Richard Sibbald, Sony Music

Amanda Marshall says her latest album "just came off the top of my head. It sounds like what I was thinking at the time without over-thinking. It feels very much like a conversation I'd have."

Amanda Marshall has a flair for the dramatic, at least when it comes to the music on her new album. The title track, Everybody's Got a Story, opens with an orchestral arrangement straight out of an old Hammer horror film before it drops into a funky acoustic groove. There's a marching band drum intro on the hip-hop flavoured The Voice Inside. An eerie violin solo succumbs to Marshall's cocktails-and-cotton candy vocals on the ballad The Gypsy. UFO whirs and nifty scratches set the stage for the autobiographical Double Agent. The chirp of a cell phone awakens Marshall before Sunday Morning After's classic guitar riffs kick in. And Hitchcockian strings and horns on the urban-sounding Brand New Beau foreshadow the deception to come, that of a woman who discovers her boyfriend in bed with someone else. (Lyrics like "I was under the distinct impression / that we were swingin' in the same direction" reveal it's another man.)

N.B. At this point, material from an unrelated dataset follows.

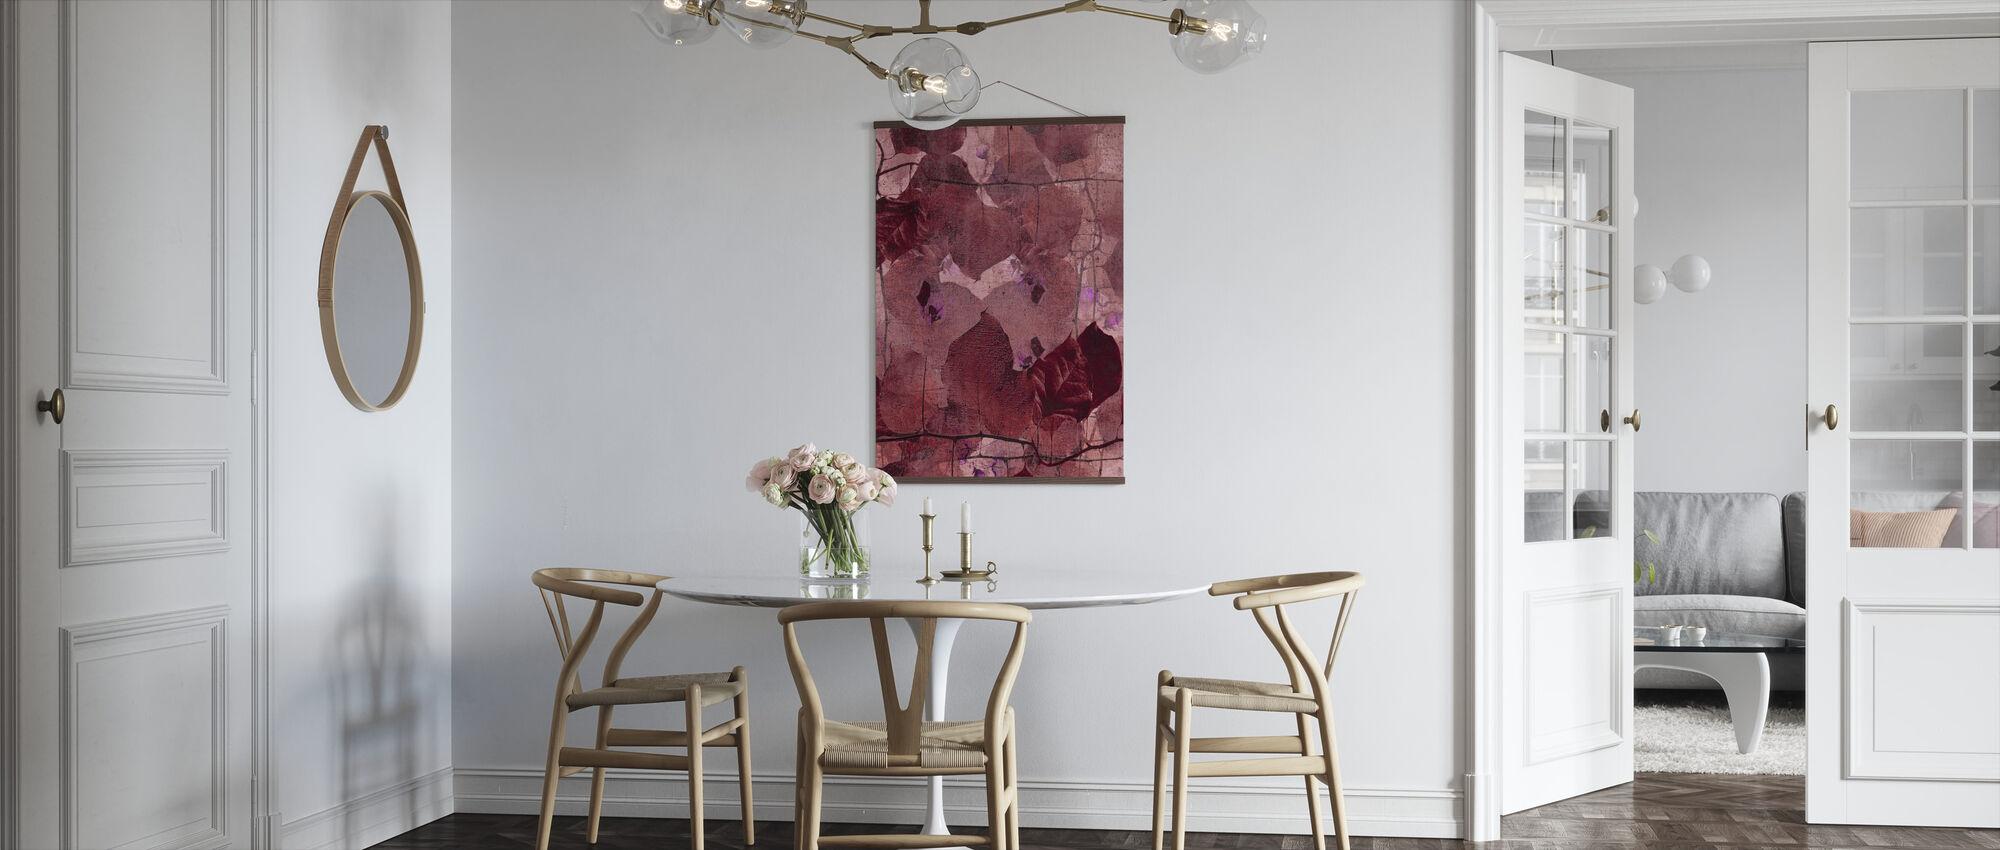 Bordeaux Grapevine - Plakat - Køkken
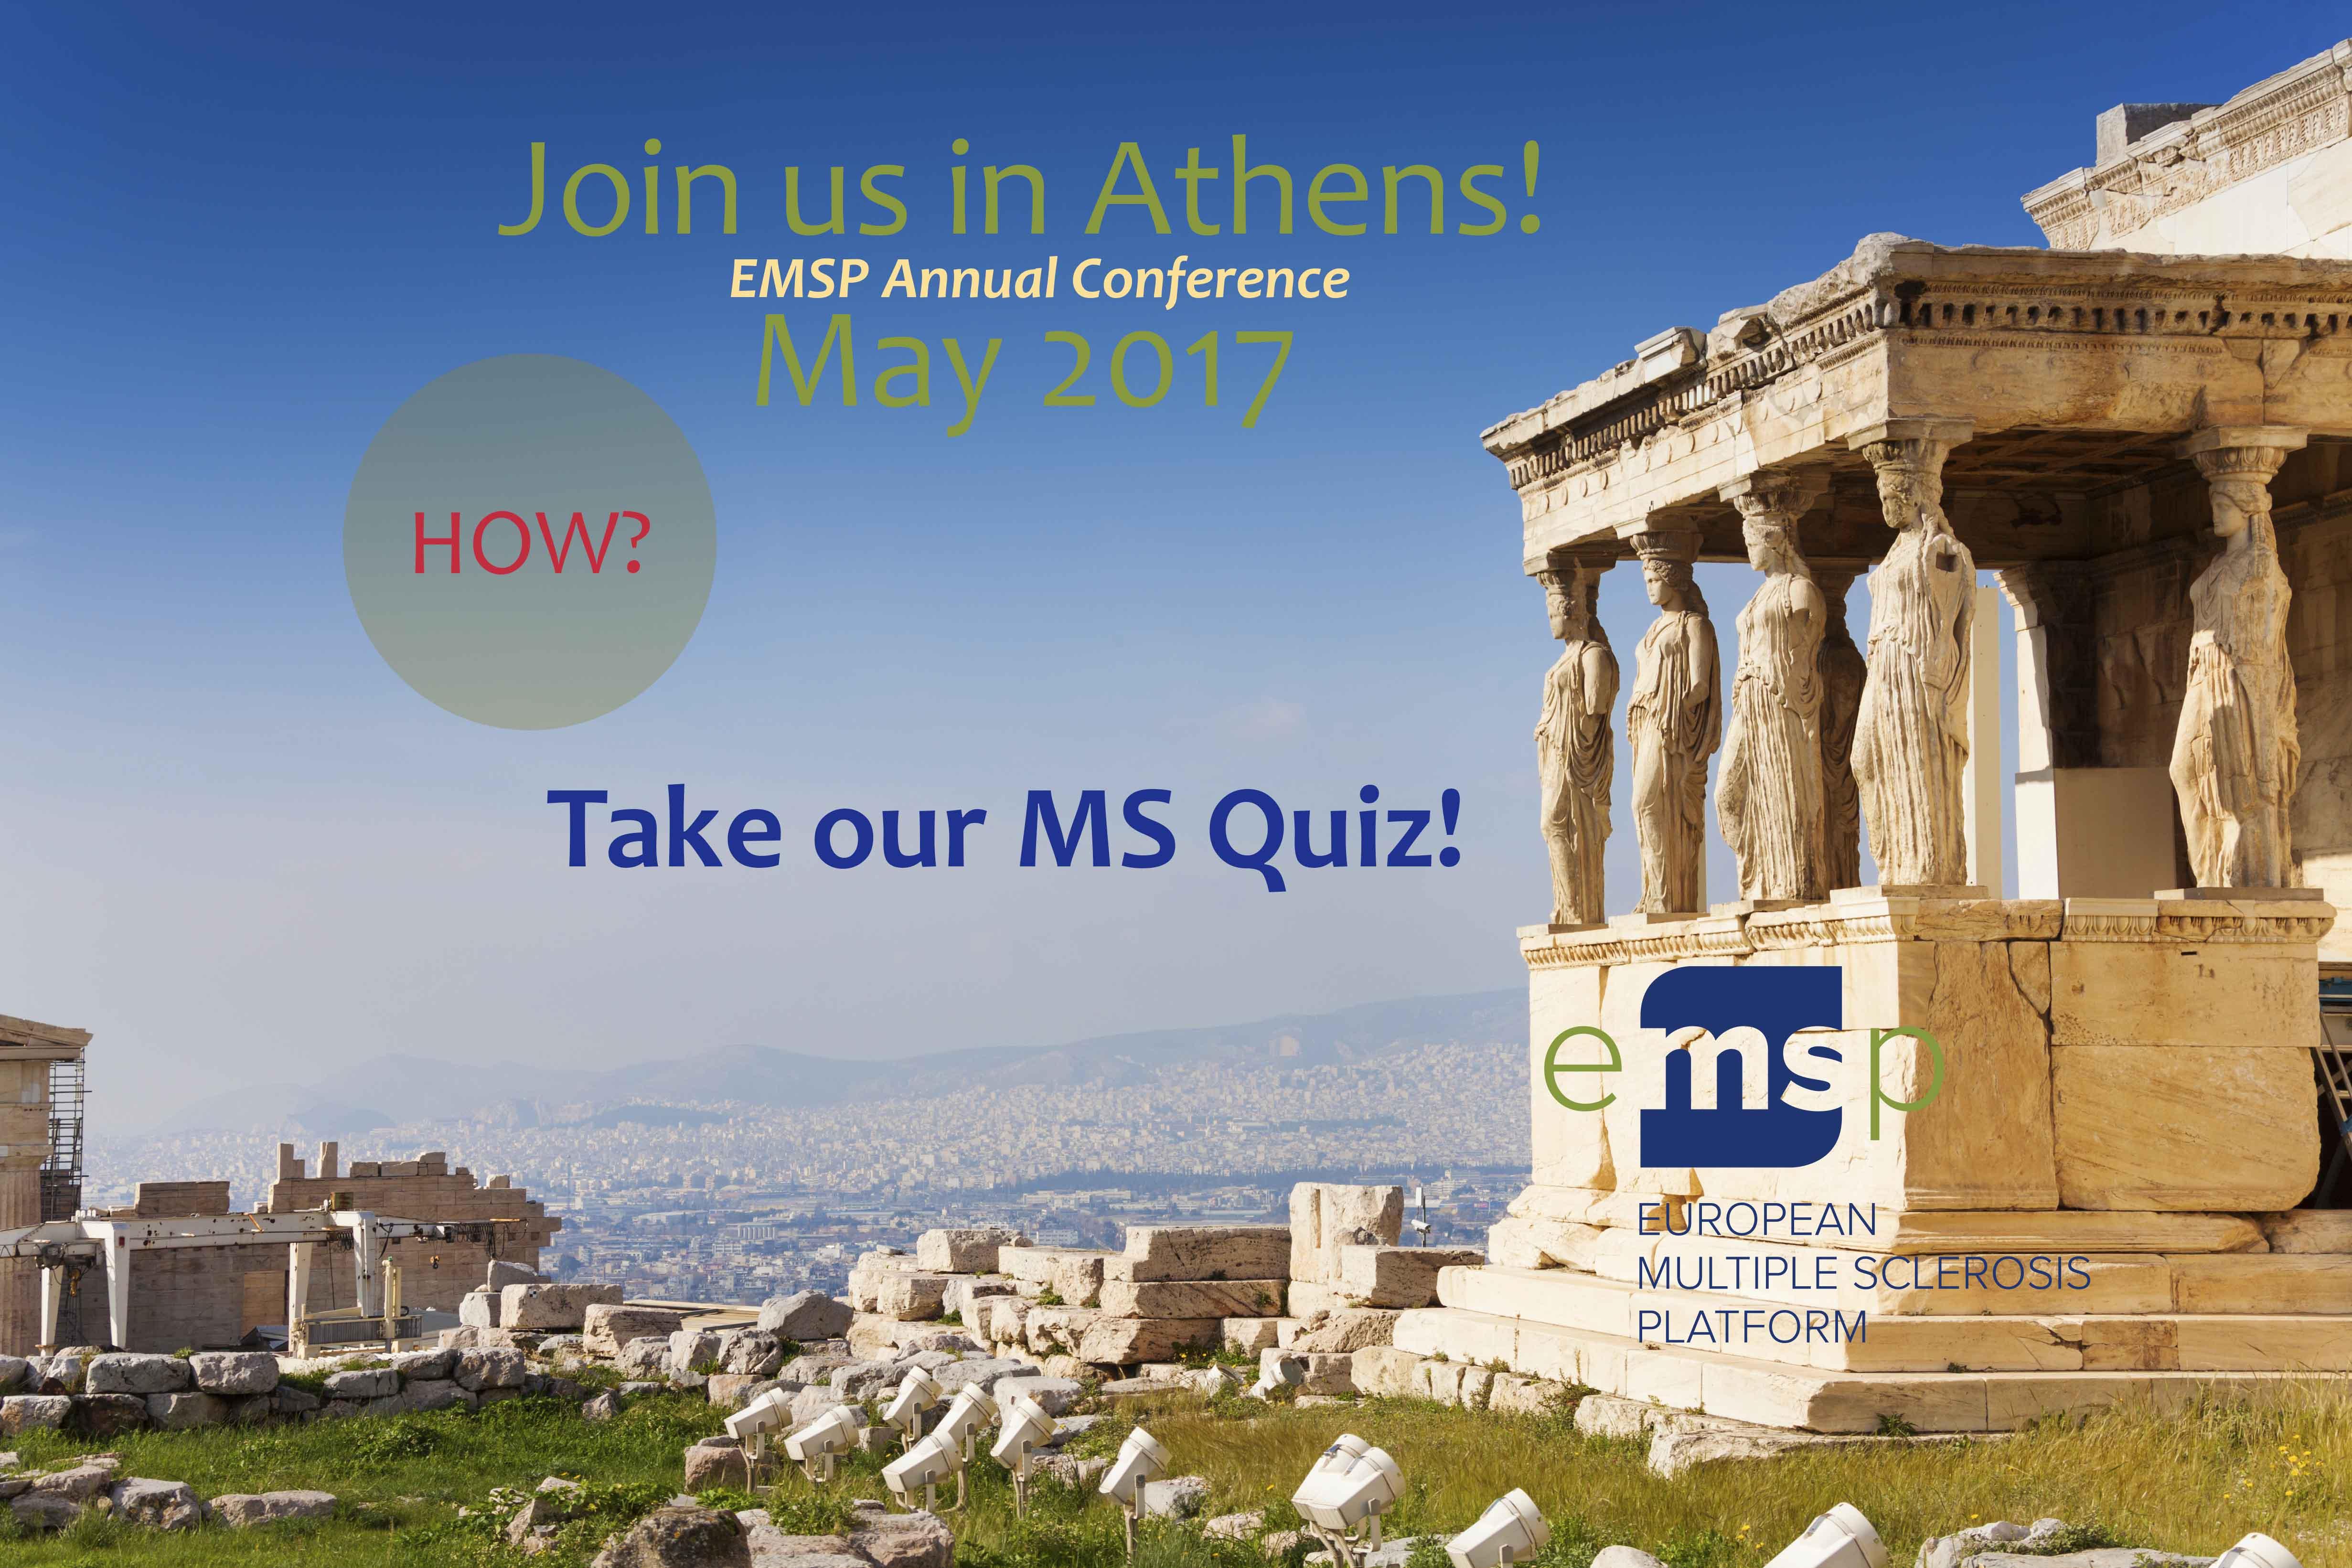 EMSP at ECTRIMS 2016: Delivering for MS communities

In person, Marshall makes somewhat less than a Nora Desmond entrance, sliding playfully over the arm of the couch and settling with one Adidas sneaker curled beneath her. "I love that stuff, all those strange little pieces that lead into the songs," she says. "It gives the record a more theatrical feel, like walking out of a musical."

Marshall looks like she walked out of a musical herself -- Rent. She's dressed in thrift-shop brown cords, a red Ball State University tank top over a black-and-white striped shirt, and her hair -- a lion's mane of kinks and curls -- is confined to a ponytail beneath a poor boy hat, which is pulled low over her eyes to convey maximum attitude and an air of mystery.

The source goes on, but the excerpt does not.